Despite these findings, most principals say the practice is necessary for student discipline.

“Results from our nationally representative survey show that while public school principals believe that the primary purpose of discipline is to teach students appropriate skills, most do not believe suspensions and expulsions effectively serve this purpose,” the survey reads. “And yet, few principals in our study went so far as to say suspensions are entirely unnecessary.”

The researchers also asked them if they would scrap exclusionary discipline practices if their school environments were more positive. Only 43% said yes.

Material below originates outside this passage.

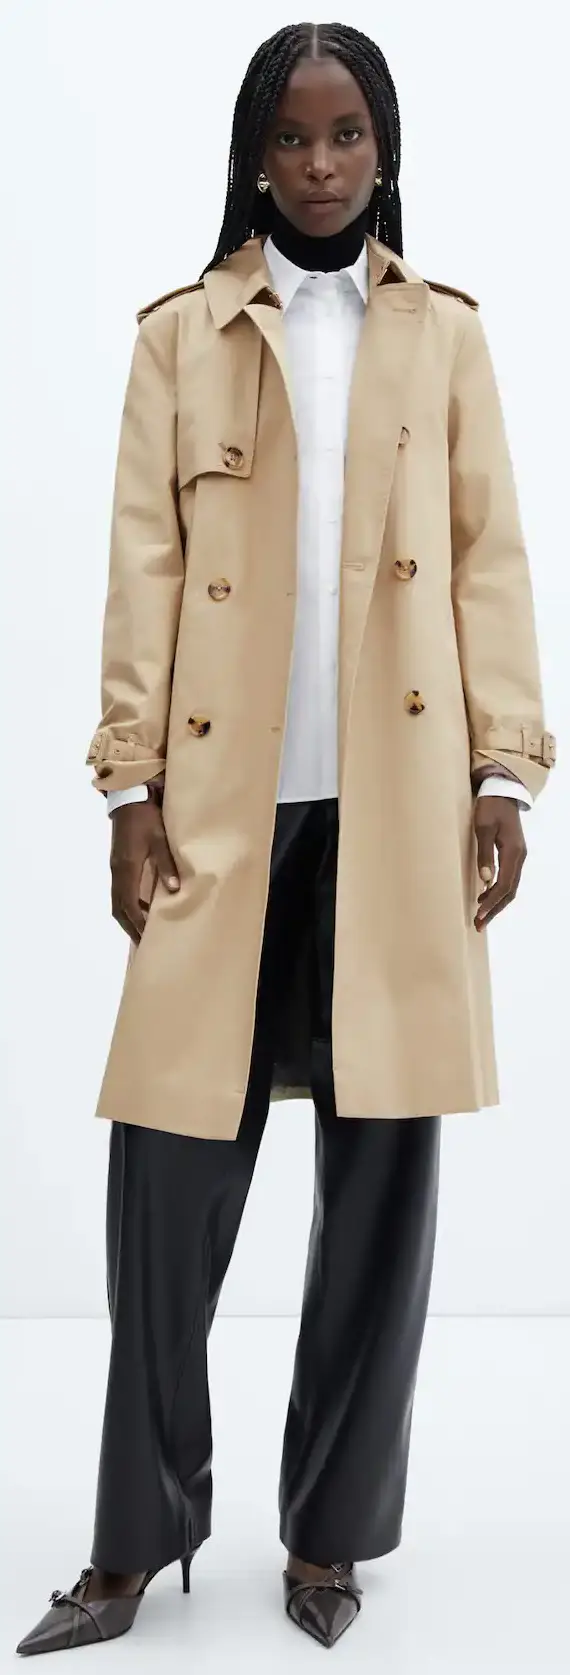 MARCH 2, 2015 A TRANSITIONAL TRENCH W/ THE CLASSICS - Similar

So what’s the solution if most principals believe suspensions are ineffective, yet they’re unwilling to give up the practice? Well, according to the research, the answer isn’t entirely clear. However, it does offer some possibilities as to why school administrators continue to use this method of discipline:

  • Principals are forced to abide by their school’s zero-tolerance policies.
  • Some schools may not have the resources to adopt alternative solutions to suspensions.
  • Educators have simply become too accustomed to the practice.

Alternative solutions

For those who wish to change their school’s culture and disciplinary practices, there are several viable options. The National Association of Secondary School Principals (NASSP), for instance, offers three Positive Behavioral Interventions and Support as part of their 2017 issue of Principal Leadership. Let’s take a look at their recommendations:

  • Restorative chat: Its purpose is to support the student in understanding the consequences of their actions and give them the opportunity to repair them. This can be done through a simple conversation with the student and allow them to reflect on their actions. Below are some example questions administrators can ask to begin restorative chat with a student:
    • Tell me what happened.
    • What were you thinking at the time?
    • What do you think about it now?
    • Who does this affect?
    • What do you need to do about it?
    • How can we make sure this doesn’t happen again?
    • What can I do to help you?
  • Restitution: Similar to restorative chat, restitution focuses on teaching the student how to repair or eliminate damage caused by their mistakes. The key here is to implement a plan for the student to begin correcting the harm. Consider how to include those who were affected by the student’s behavior. Avoid humiliation and overly punitive tactics.
  • Skills coaching: This can be done in coordination with restorative chat and restitution. Using the previous practices, students must also learn the behaviors they were lacking in their previous mistakes. Its purpose is to teach and practice new social and behavioral skills appropriate in a classroom and school environment.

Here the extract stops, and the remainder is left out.